A multipolar Middle East
The region emerging after the war may no longer revolve around one dominant power. Instead, it could evolve into a competitive network of overlapping alliances.
America will remain influential. Its military footprint, technology partnerships and financial leverage are too deeply embedded to disappear quickly. But Washington is increasingly one player among several rather than the uncontested center of gravity.
China will expand economically. Russia will attempt to preserve strategic relevance. Regional powers such as Turkey, India and Pakistan may also gain space to maneuver.
The result is a more fluid but also more unstable order.
Rizvi describes this as a “complex relationship” in which rivalry, cooperation and competition coexist simultaneously among multiple actors.

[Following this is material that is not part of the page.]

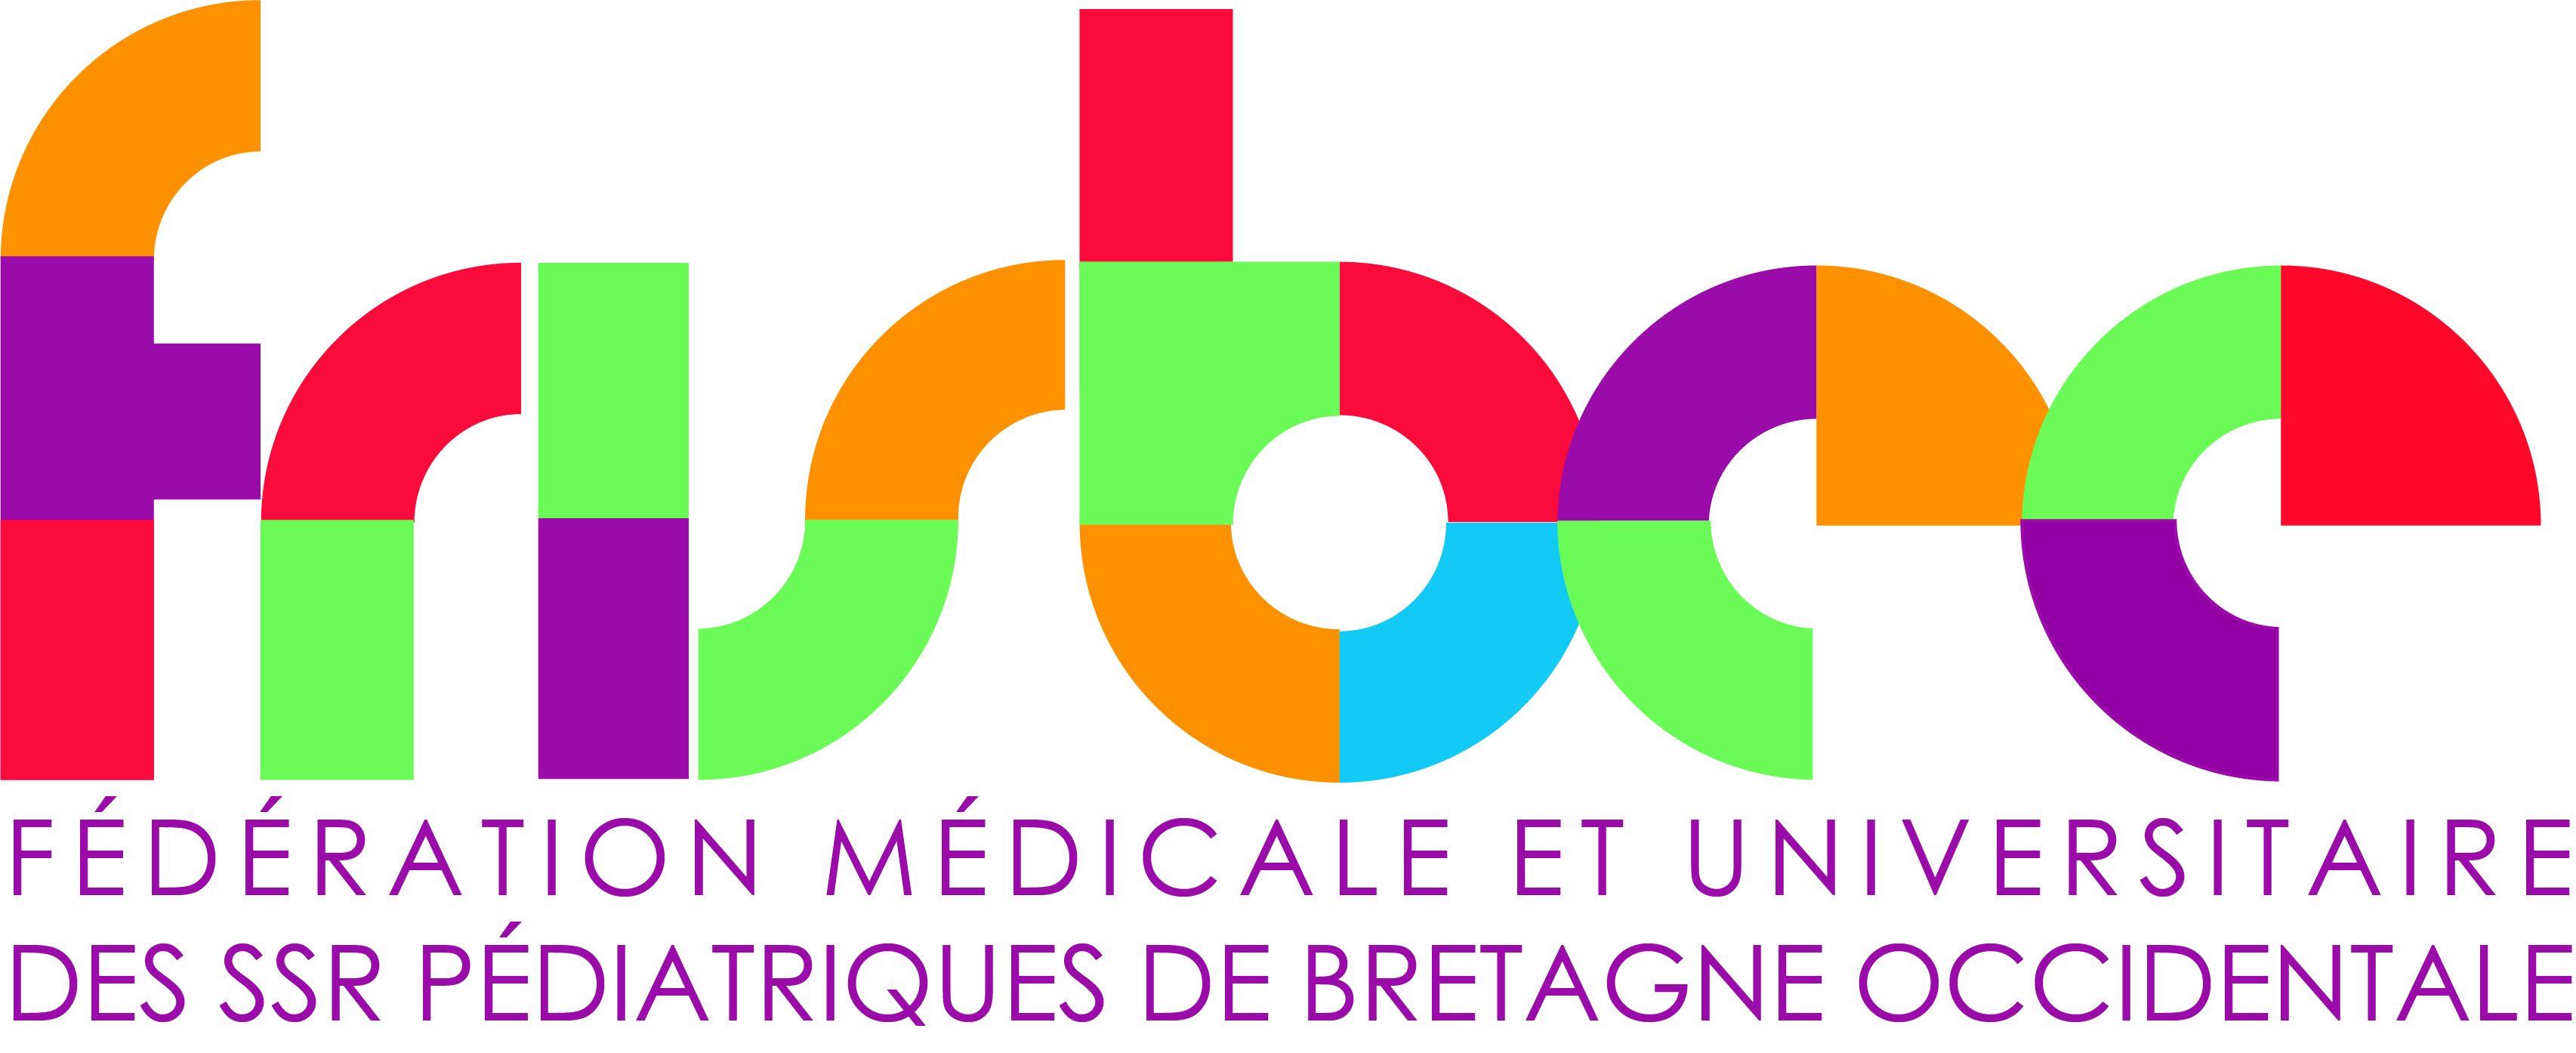 FRISBEE – Fédération Inter-hospitalière et Universitaire des SSR pédiatriques de Bretagne Occidentale
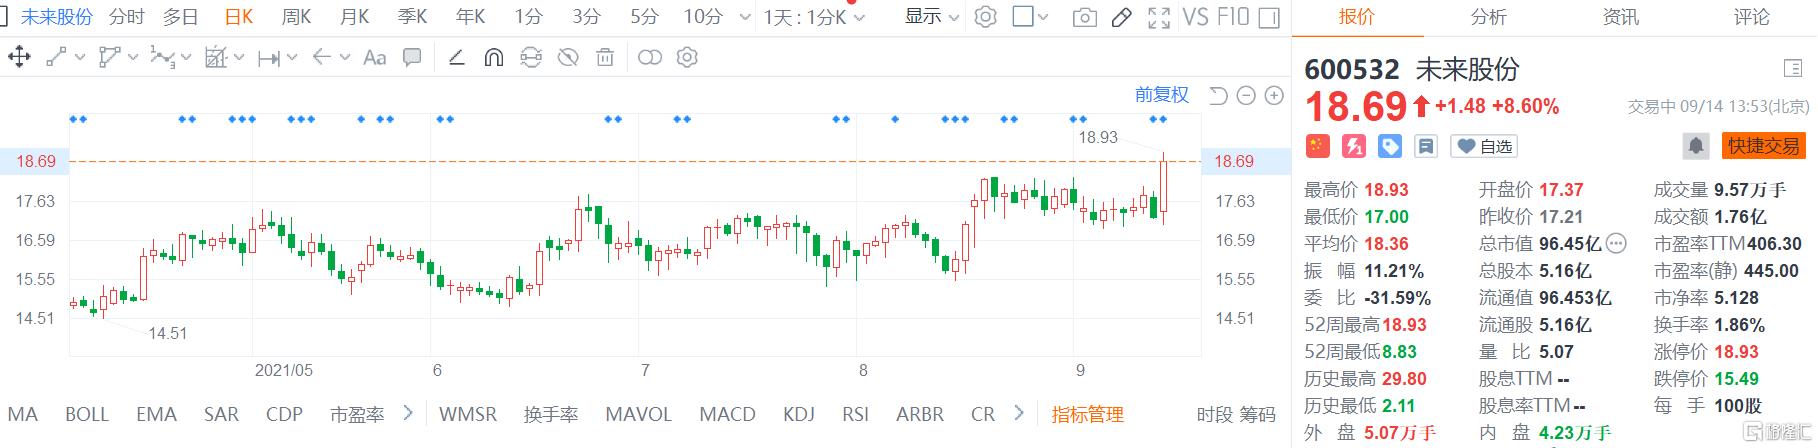 未来股份(600532.SH)盘中触及涨停价后回落,现报18.69元

That complexity creates opportunities for agile middle powers, but also significant risks for states with weak economic fundamentals or inconsistent diplomacy.
Pakistan falls into both categories.
Pakistan’s balancing act
Pakistan’s strategic geography has always made neutrality difficult.
It shares a long border with Iran. China is its closest strategic partner. The Gulf hosts millions of Pakistani workers whose remittances remain vital for the economy. The United States still matters financially and diplomatically. Meanwhile, tensions with India and instability along the Afghan border continue to demand security attention.
Managing these relationships will become even more difficult in a fragmented regional environment.
Yet Pakistan also retains unusual diplomatic reach.
It maintains working ties with nearly all major players in the emerging order and is not viewed solely through a sectarian or ideological lens in the Middle East.
That gives Islamabad potential room to act as a facilitator rather than only a participant.
Pakistan’s role in mediating the latest U.S.-Iran agreement underscores that possibility.

Rizvi believes Pakistan could emerge as a credible middle power if it avoids entanglement in regional rivalries while expanding diplomacy, defense cooperation and trade relations.
But he also warns that such ambitions require economic strength that Pakistan still lacks.
A country dependent on IMF programs, facing debt pressures and internal political instability cannot easily sustain an ambitious foreign policy.
The Gulf factor and India’s expanding footprint
Another challenge for Islamabad lies in the changing Gulf landscape.
Growing cooperation among Gulf states, Israel and India is reshaping regional trade, technology and security networks in ways that complicate Pakistan’s position.
These emerging alignments could gradually shift economic and strategic priorities away from traditional partners.
At the same time, Pakistan cannot afford strained ties with Gulf capitals, where millions of its citizens work and send back critical remittances.
That requires increasingly sophisticated diplomacy that avoids rigid bloc alignment.
The danger of strategic overstretch
Pakistan has historically benefited from great-power competition. During the Cold War and the post-9/11 era, its geopolitical importance generated military and financial support from larger powers.
But the emerging order may function differently.
In a fragmented multipolar system, states without economic resilience risk becoming arenas of competition rather than independent actors.
That is Pakistan’s central risk.
If internal instability persists, geopolitical relevance may not translate into influence.
However, if economic reform and political stability are achieved, the shifting order could offer Pakistan a rare opportunity to redefine its international role.
A defining decade ahead
The U.S.-Iran agreement may not deliver a final resolution to regional tensions, but it signals a clear transition away from a system dominated by a single superpower.
A new order is emerging through negotiation, economic realignment and shifting alliances.
China’s rise, the weakening of unilateral U.S. dominance and the growing relevance of middle powers are all part of that transformation.
For Pakistan, the question is no longer whether the world order is changing.
The question is whether it is prepared to operate within it.